About this task | Please return exactly the lines below that run from the line with "Women in Tamil" through the end of the listing, both included, but not the pictures.

Data provided |
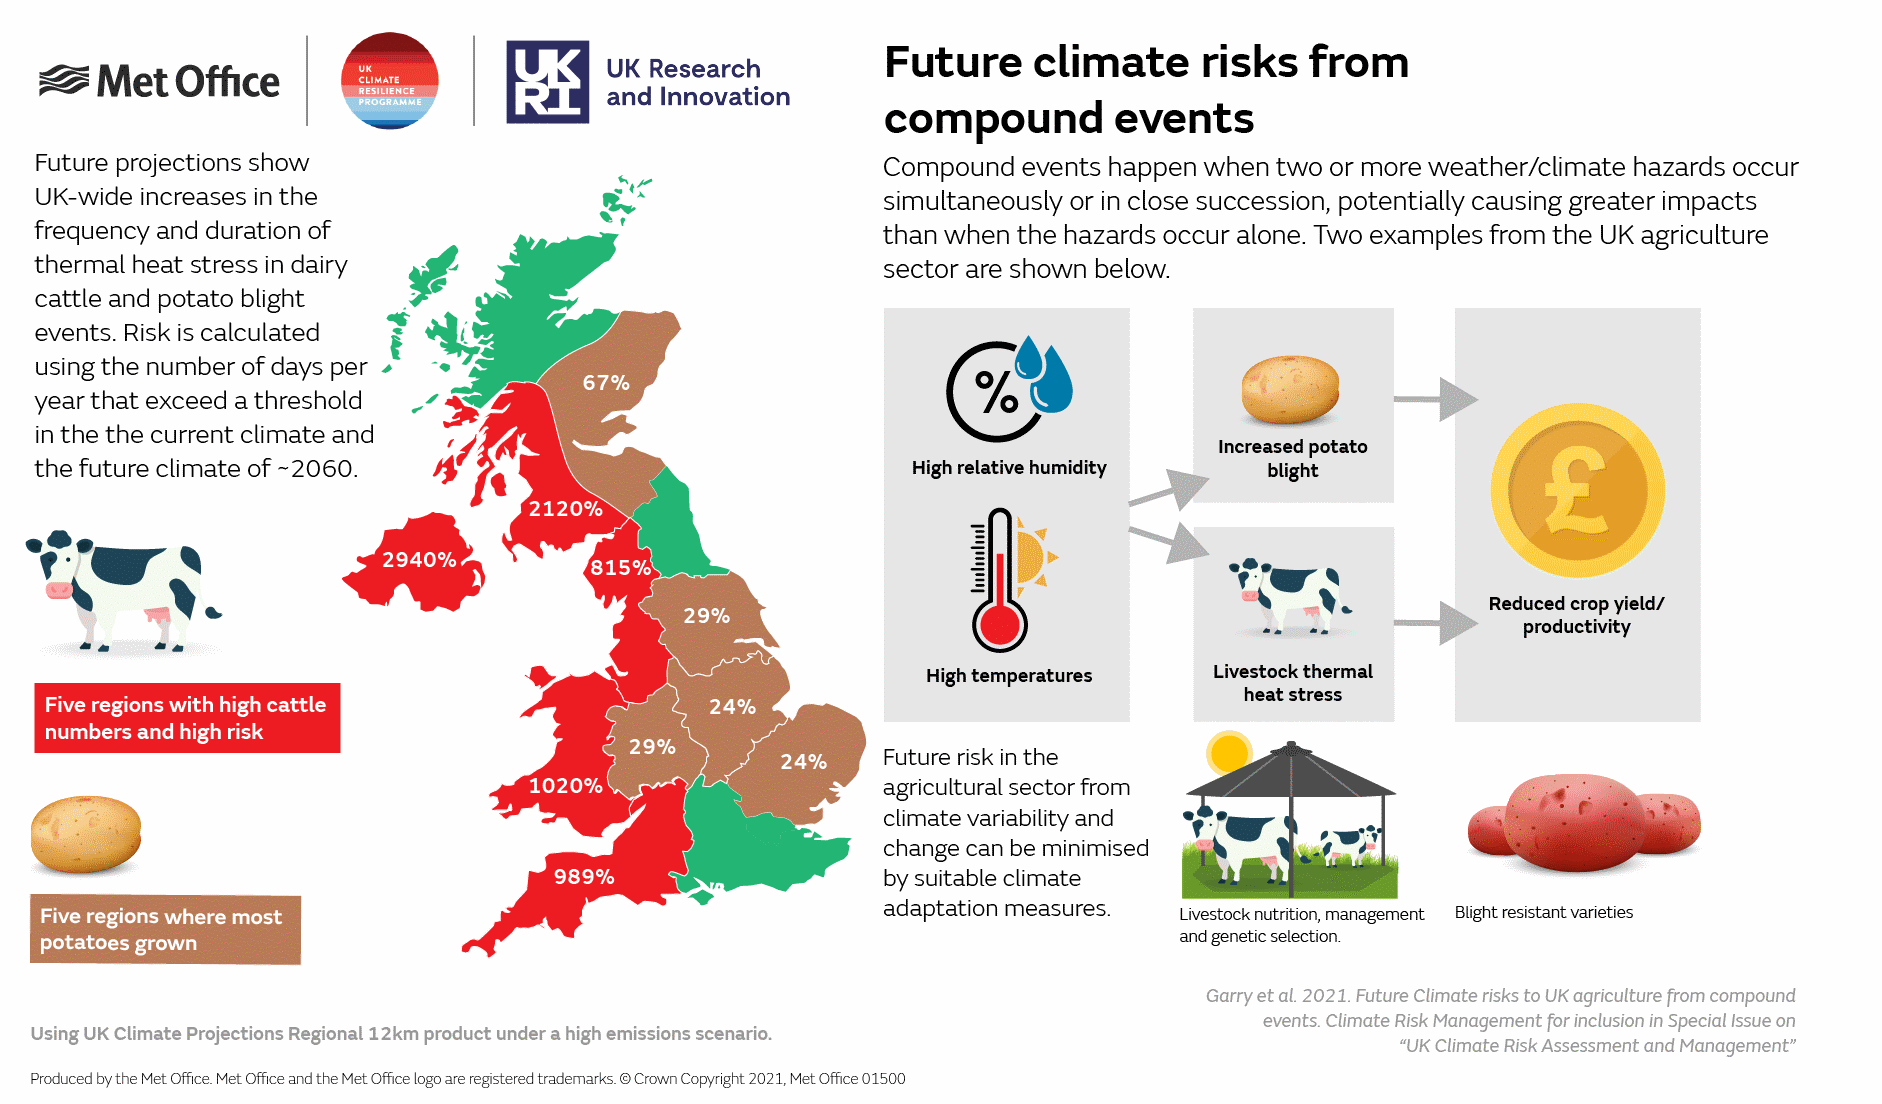 The effects of climate change on key sectors of UK agriculture
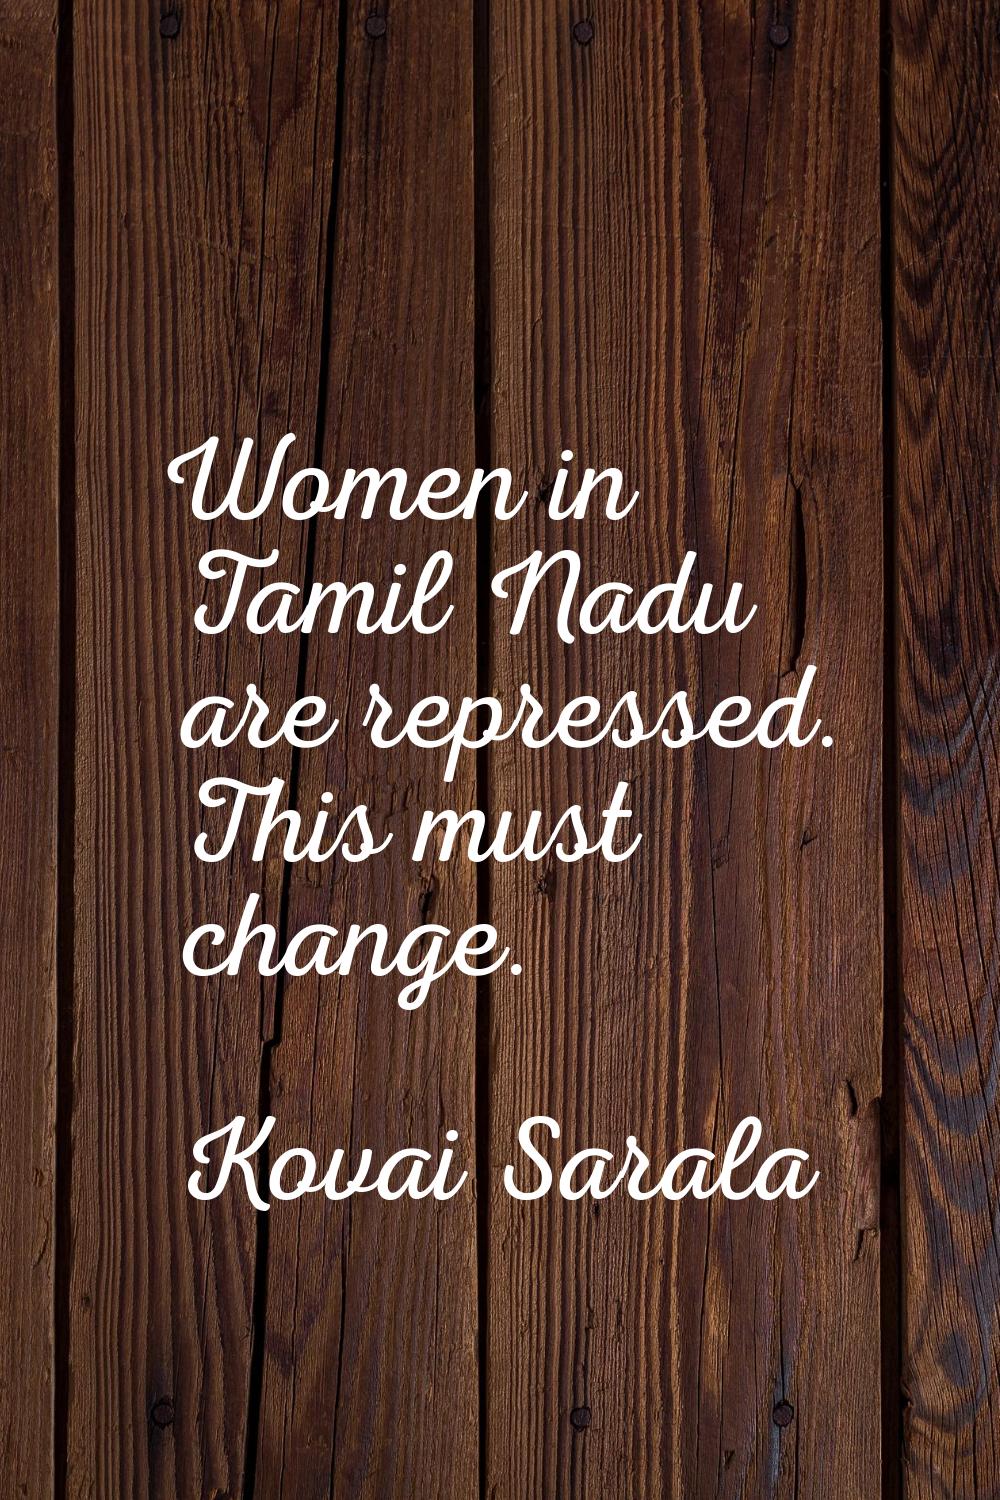 Women in Tamil Nadu are repressed. This must change.
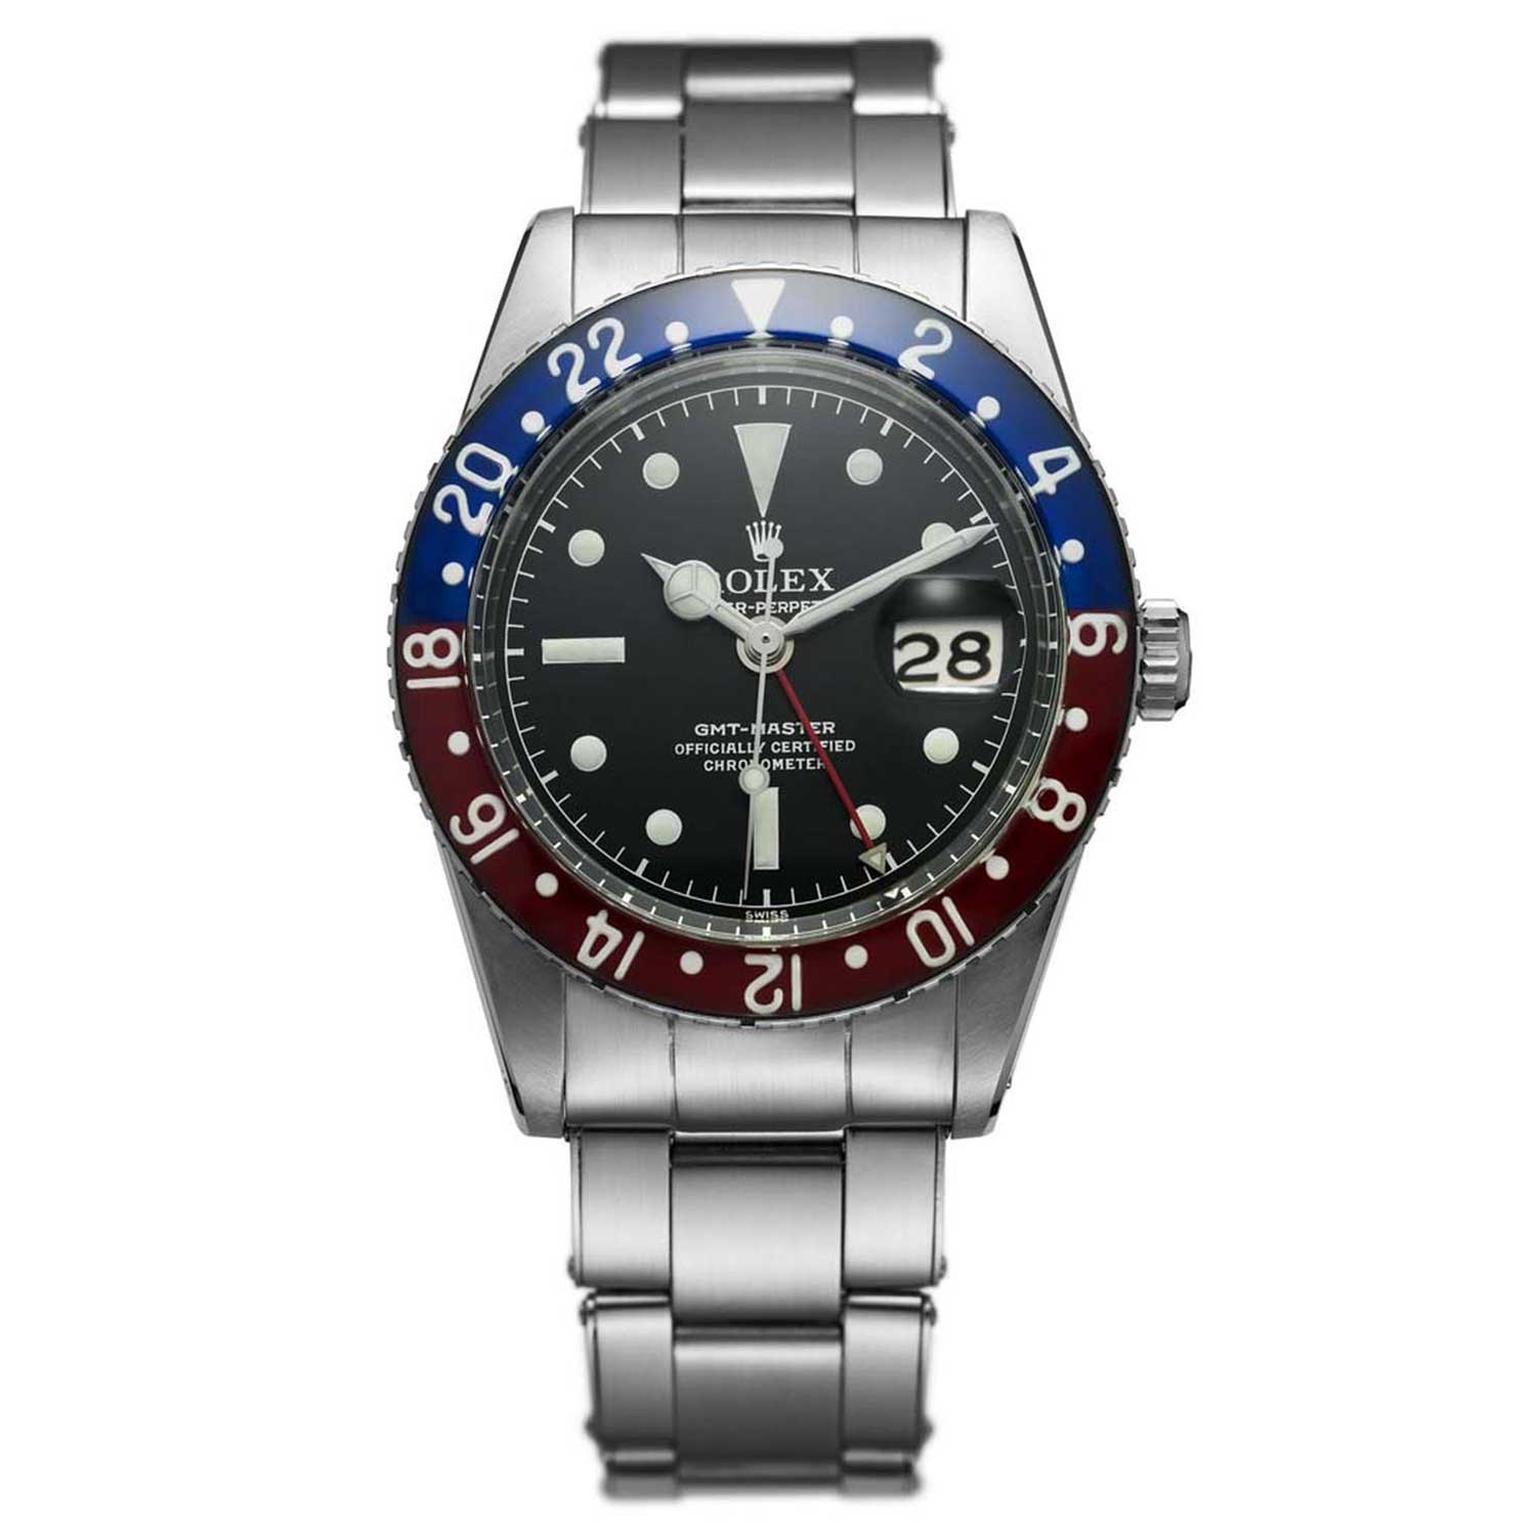 The Rolex GMT-Master Pepsi watch from 1955

Exercise solution |
 Women in Tamil Nadu are repressed. This must change.
 The Rolex GMT-Master Pepsi watch from 1955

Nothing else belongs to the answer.